La noria generosa de la que extraía sus convencimientos se alimentaba en napas de sano espíritu. Opuesto a la negatividad ofuscada y a la soberbia arrolladora del mero funcionario ideológico, y cuanto menos del tecnócrata para quien el mundo es estadística y un elenco de repetidas cacofonías, Andrés Sabella mantuvo un constante y alentado espíritu de fraternidad.
Podría atribuírsele, un franciscanismo de la mejor ley. Coherente con ese gesto de abrazo, su obra toda no podía mellarse en tibieza indiferente, pero tampoco quedar anegada por la amargura del espíritu destructor de la acedia. Resaltaba del mundo que le correspondiera compartir la renovación de las llagas y las lacras de siempre; pero acompañando tales miserias a base de los opuestos repertorios como son la armonía, tersura y fiesta de ser.
Capaz de asimilar diferentes niveles de la existencia, mantuvo sus ideales en las lindes de un acendrado realismo. De sus obras, el ser humano confirma su pertenencia a una riqueza mayor que, ninguna de las contrariedades, sabría acallar.

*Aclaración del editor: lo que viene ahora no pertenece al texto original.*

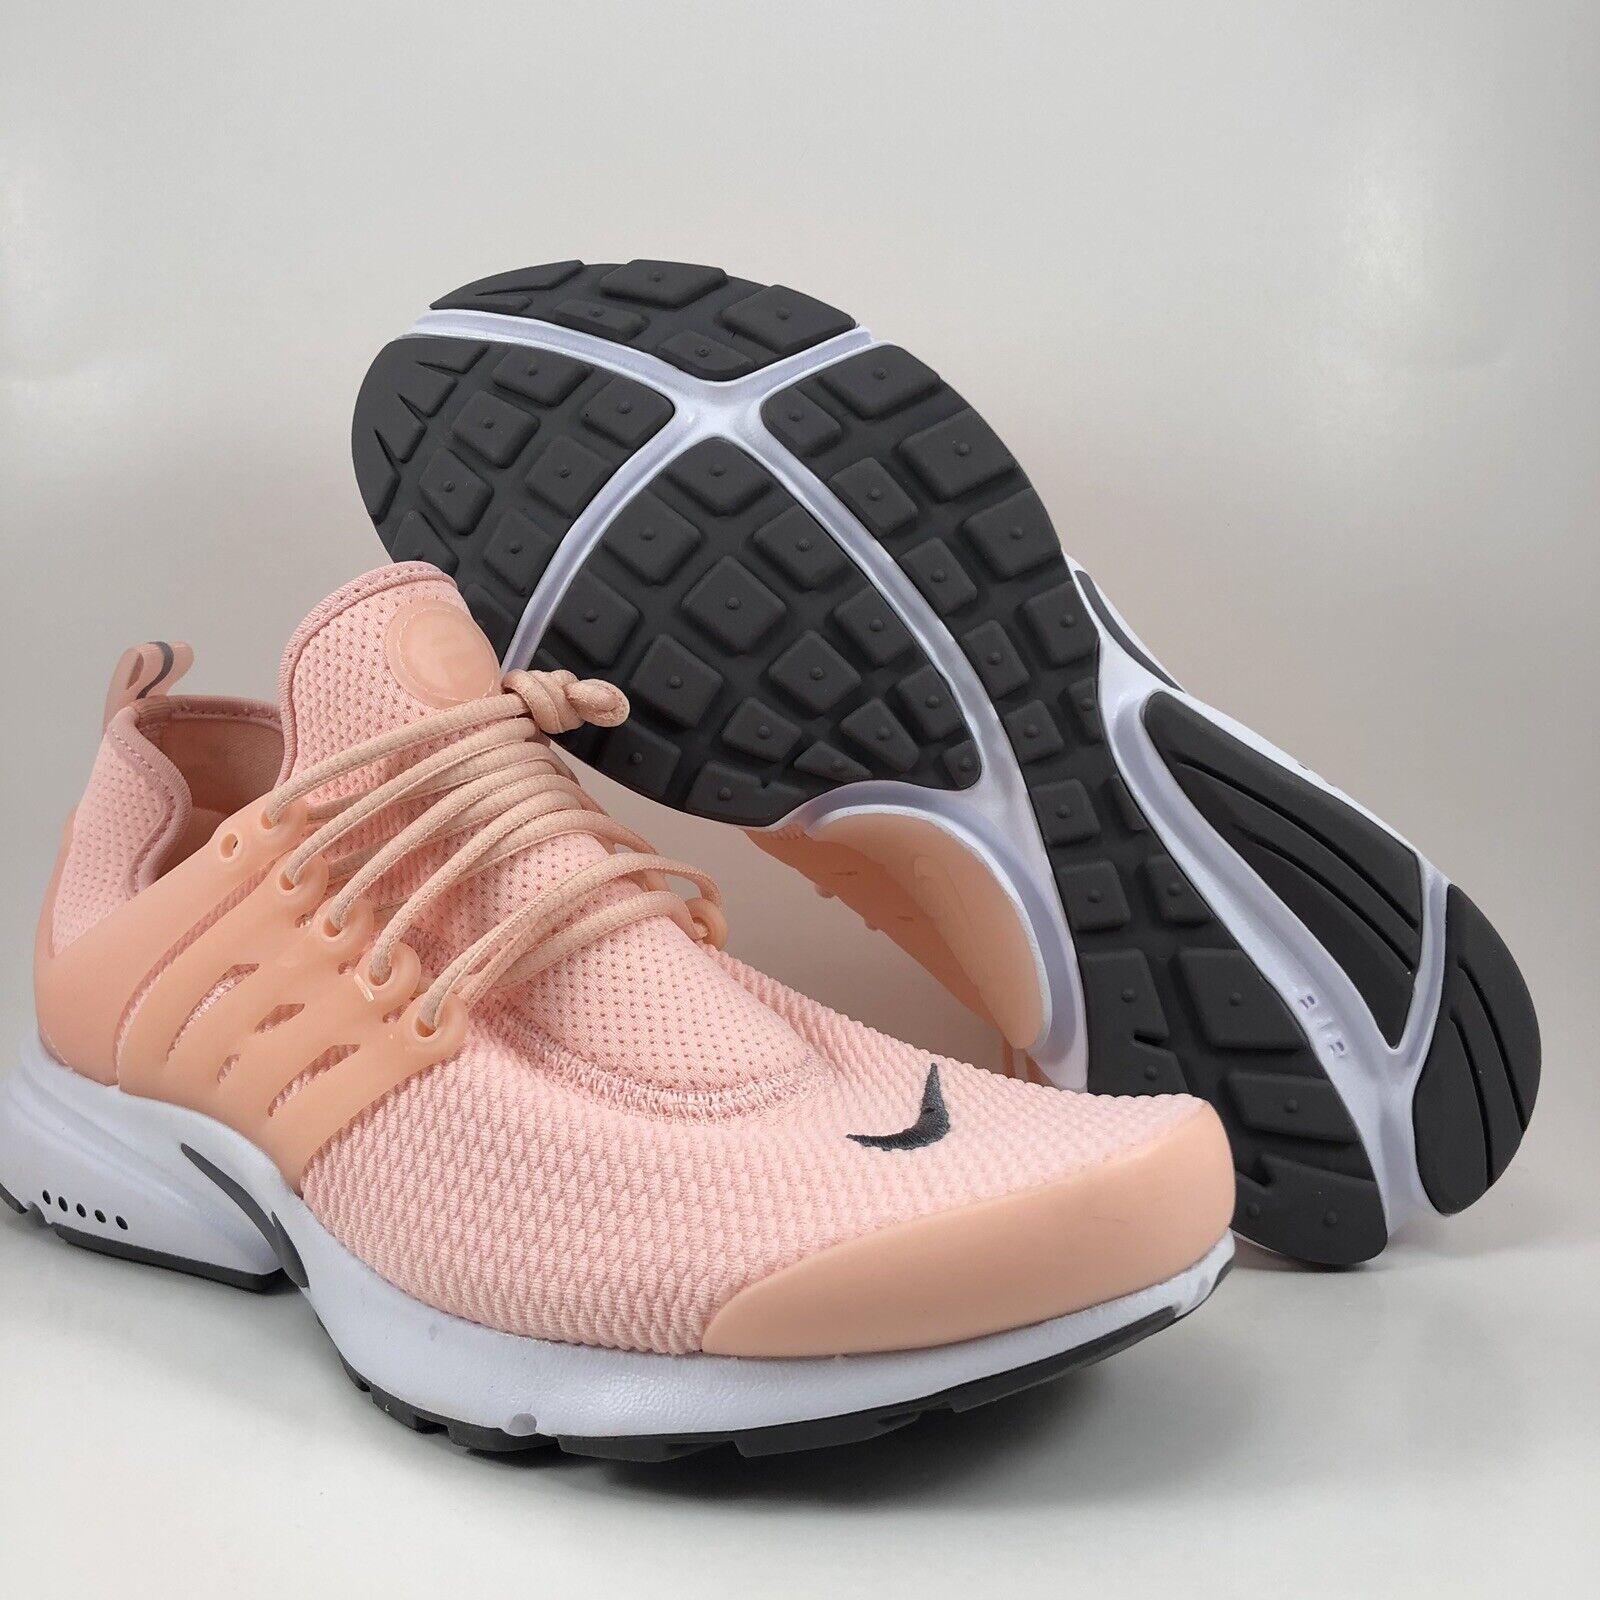 Womens Nike Air Presto BV4239-600 Storm Pink Gunnsmoke NEW Size 10

El luchador, lo mismo que el inerme, son personas en quienes se adivina, se siente, se escucha aquella voz interior con que cada quien, en los textos del escritor, se habla cuando el sufrimiento y la incerteza pretenden asfixiarlo.
Y si en la prosa narrativa alojó el encuentro y el desalojo humanos, también dio cabida a la infancia, a la fe encarnada en situaciones que, desde el borde de sí, aceptan propagar los latidos hechos de precariedad y de esperanza, tan tiernos como indignantes -según fuese la docilidad hermana o la agresiva ofensa que pusiera sobre el tapete-, pues la matización de la experiencia incluye el sufrimiento y la inocencia, lo mismo que el valor y la insania; sobre todo la belleza, ese resplandor de lo creado en cuyo origen existe un Creador universal no menos que íntimo.
Innegablemente, queda intacta la perenne lucha del bien y del mal en muchos pasajes de sus libros.